Primary care pain management “improves patient outcomes, NHS cost-effectiveness”

by | 16th Apr 2013 | News

With a million people in Britain currently living with long-term pain that could be better treated, new evidence suggests that extending the role of community pharmacists in pain management could lead to better outcomes for patients and help increase the cost-effectiveness of NHS care. 

With a million people in Britain currently living with long-term pain that could be better treated, new evidence suggests that extending the role of community pharmacists in pain management could lead to better outcomes for patients and help increase the cost-effectiveness of NHS care.

Inadequate pain relief can be due to a variety of reasons. The doses of analgesic medicines used can be too low, or people may be taking excessive amounts of self-purchased and NHS-supplied painkillers. Post-surgical care may be inadequate, or it can be due to failure to diagnose cases of mixed neuropathic and other forms of pain, according to the researchers, from UCL School of Pharmacy and the University of Nottingham, reporting their findings today.

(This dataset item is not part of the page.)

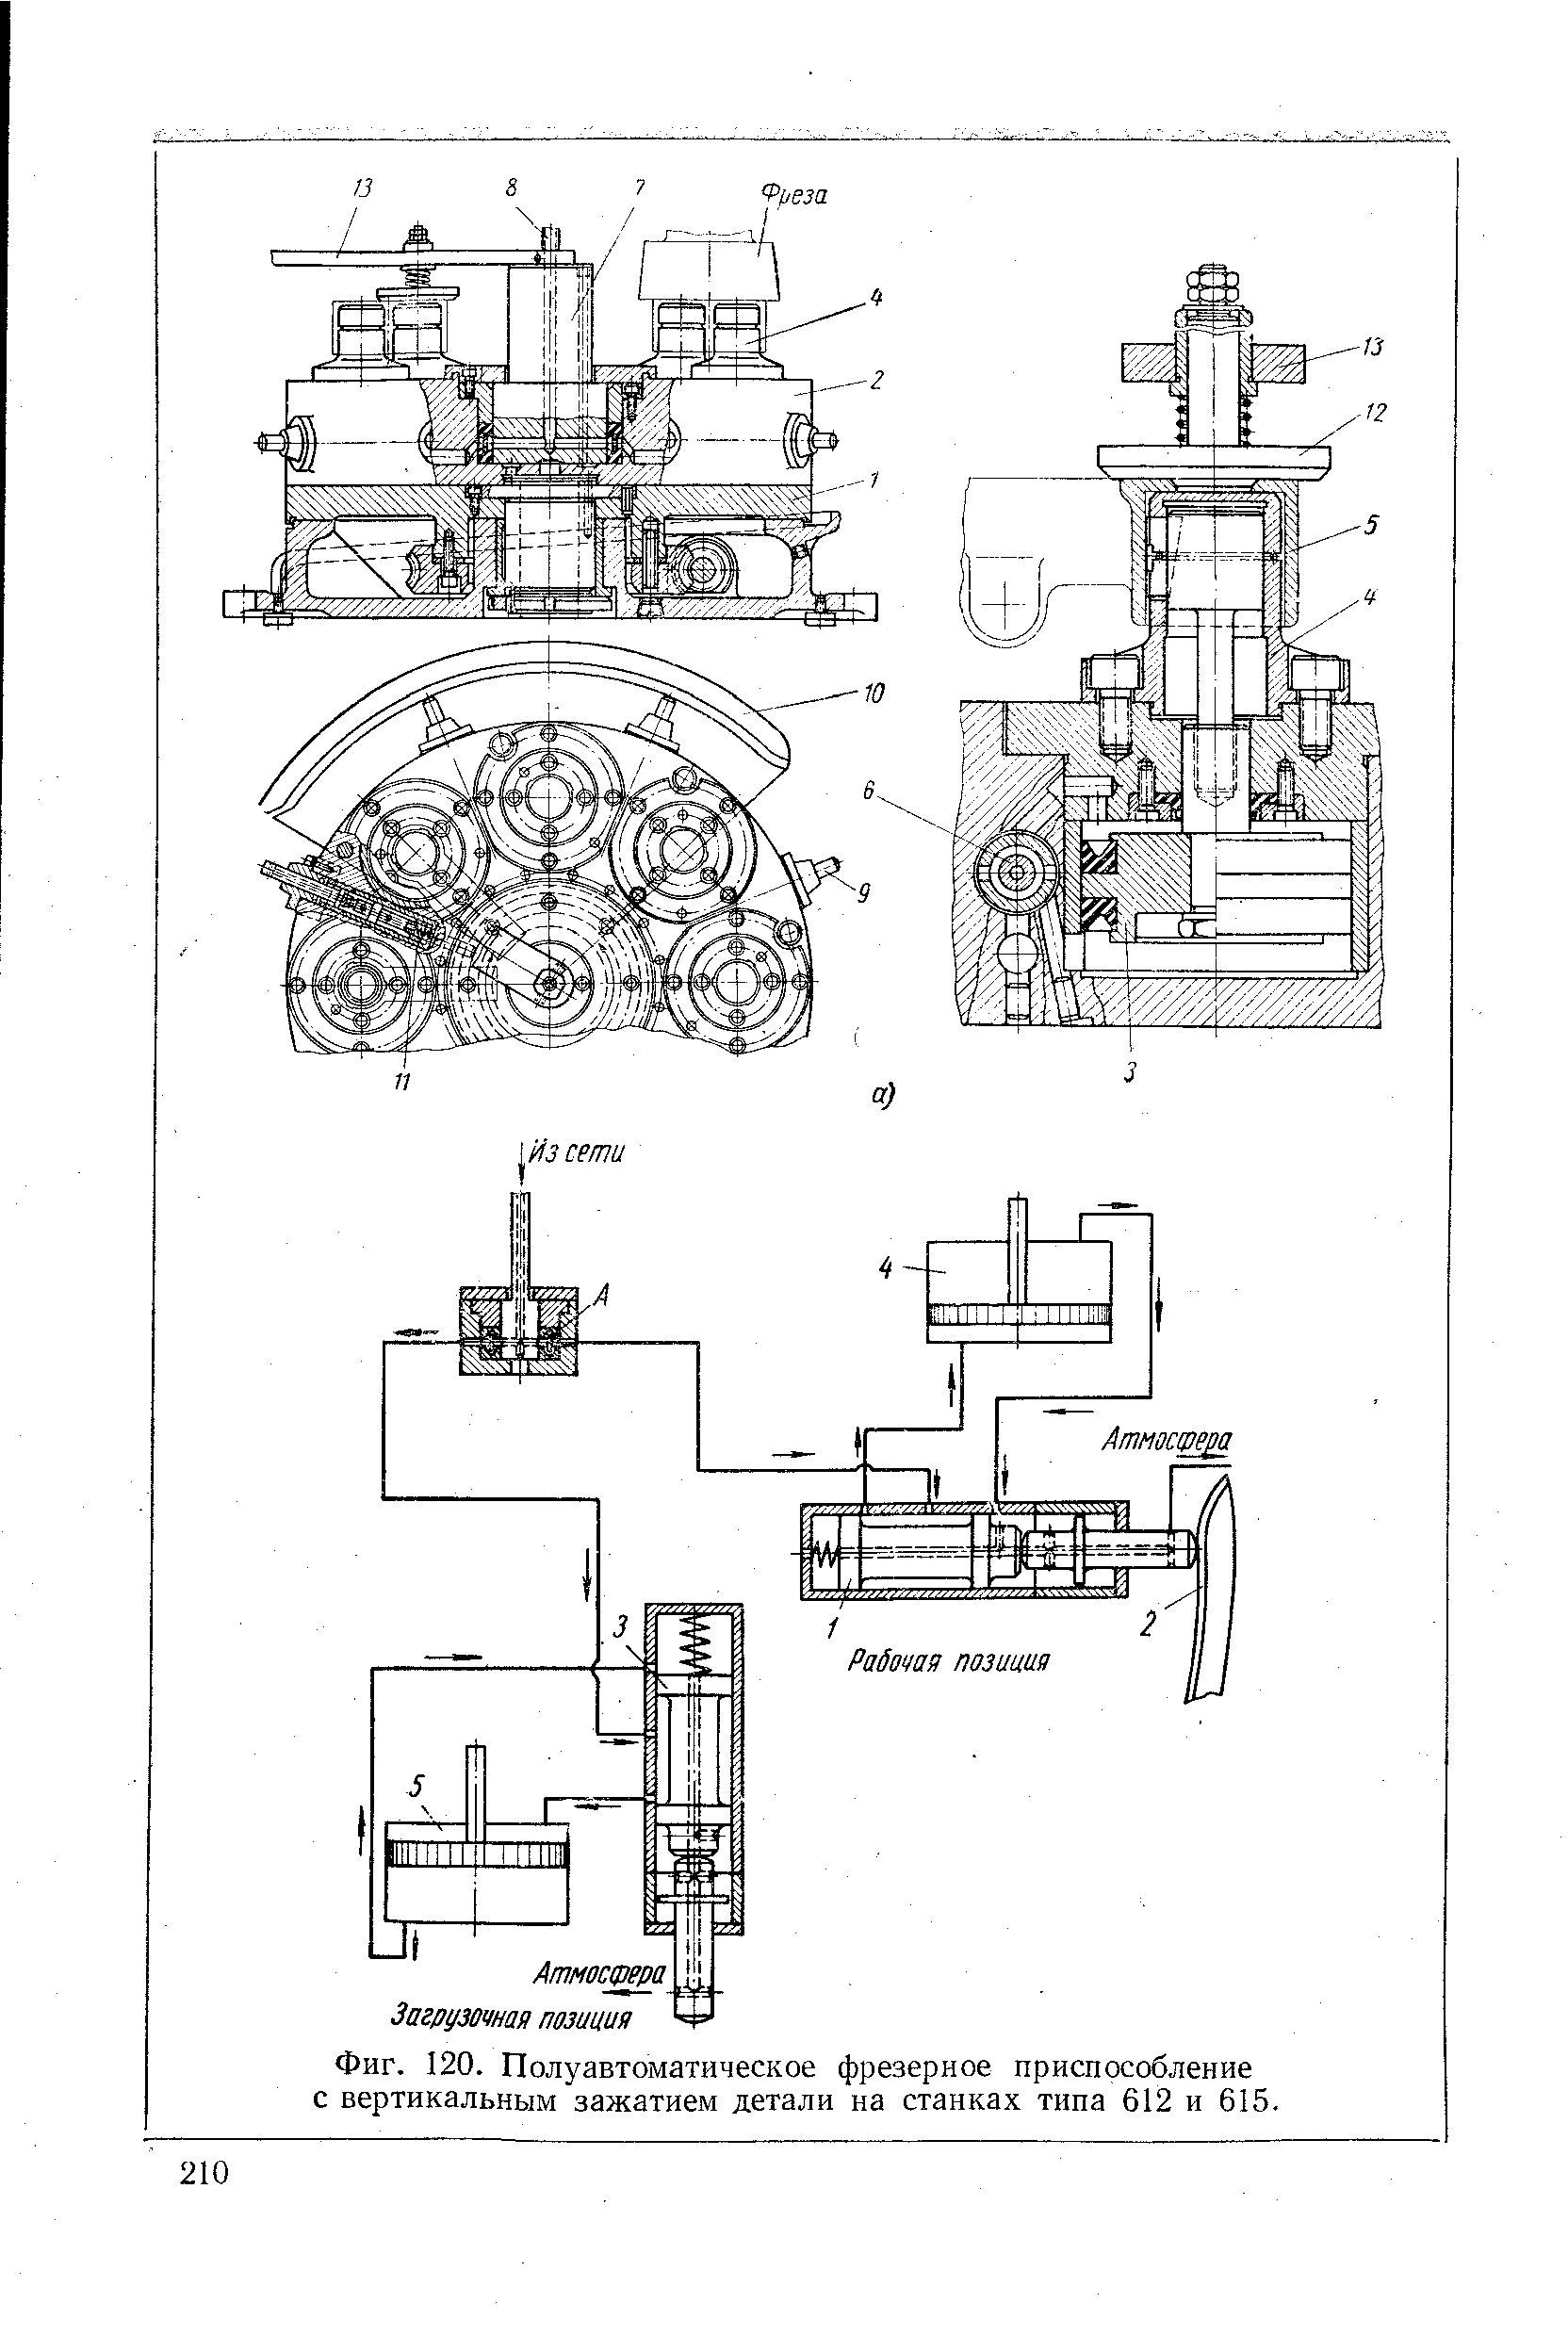 Фиг. 120. Полуавтоматическое фрезерное приспособление с вертикальным зажатием детали на станках типа 612 и 615.

Their evaluation of the LESS PAIN community pharmacy pilot pain service, in which pharmacists at 10 community pharmacies in north London conducted enhanced pain-related Medicines Use Reviews (MURs), suggests that if the initiative were to be scaled up to a national service in England, community pharmacists could identify 50,000 or more cases of neuropathic pain in a year and around 10,000 cases of other serious illness involving pain, such as angina, they say.

Community pharmacists could also provide in excess of a million guidance sessions for pharmacy users with pain-related problems, and this ought, in certain instances such as the management of recurrent headache, to reduce counter-productive use of self-purchased and/or prescribed medicines, the authors suggest.

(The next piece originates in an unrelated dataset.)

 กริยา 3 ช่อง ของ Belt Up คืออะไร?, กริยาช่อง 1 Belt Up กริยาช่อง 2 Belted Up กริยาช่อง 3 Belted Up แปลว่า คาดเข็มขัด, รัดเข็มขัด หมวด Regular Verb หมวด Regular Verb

Pain is closely linked to depression and long-term conditions like arthritis and diabetes, they note, and also point out that while pain management services in hospitals also have an important role, by the time patients reach specialists they have offered suffered for years; better pain management in primary care would help avoid this.

“The NHS has many strengths but, from a patient perspective, care can be difficult to access conveniently and is too often poorly co-ordinated,” said Professor David Colin-Thome, former national clinical director for primary care, commenting on the report’s findings.

“Community pharmacists and GPs could achieve more if they worked together more effectively and focused more on user needs,” noted Prof Colin-Thome.

UCL Professor David Taylor also cautioned that better day-to-day delivery of primary and community care can be neglected during discussions of NHS reform and hospital funding. “As the disappointing progress in patient-controlled record-sharing between GPs and community pharmacies can be taken to show, there is a danger of NHS commissioners and providers alike acting as unaligned businesses concerned with their own contributions and needs, rather than overall performance and value for money,” said Prof Taylor, who is a former NHS Trust chair.

The authors of the pilot evaluation acknowledge that the NHS in England has many competing demands on its resources. However, despite fears that better identification of pain-related needs in the population will increase some costs – which may on occasion discourage the identification of inadequately-treated adaptive or maladaptive pain – there is mounting evidence that improving the early detection and effective management of pain-related problems in the primary and community care setting would be cost-effective, they say.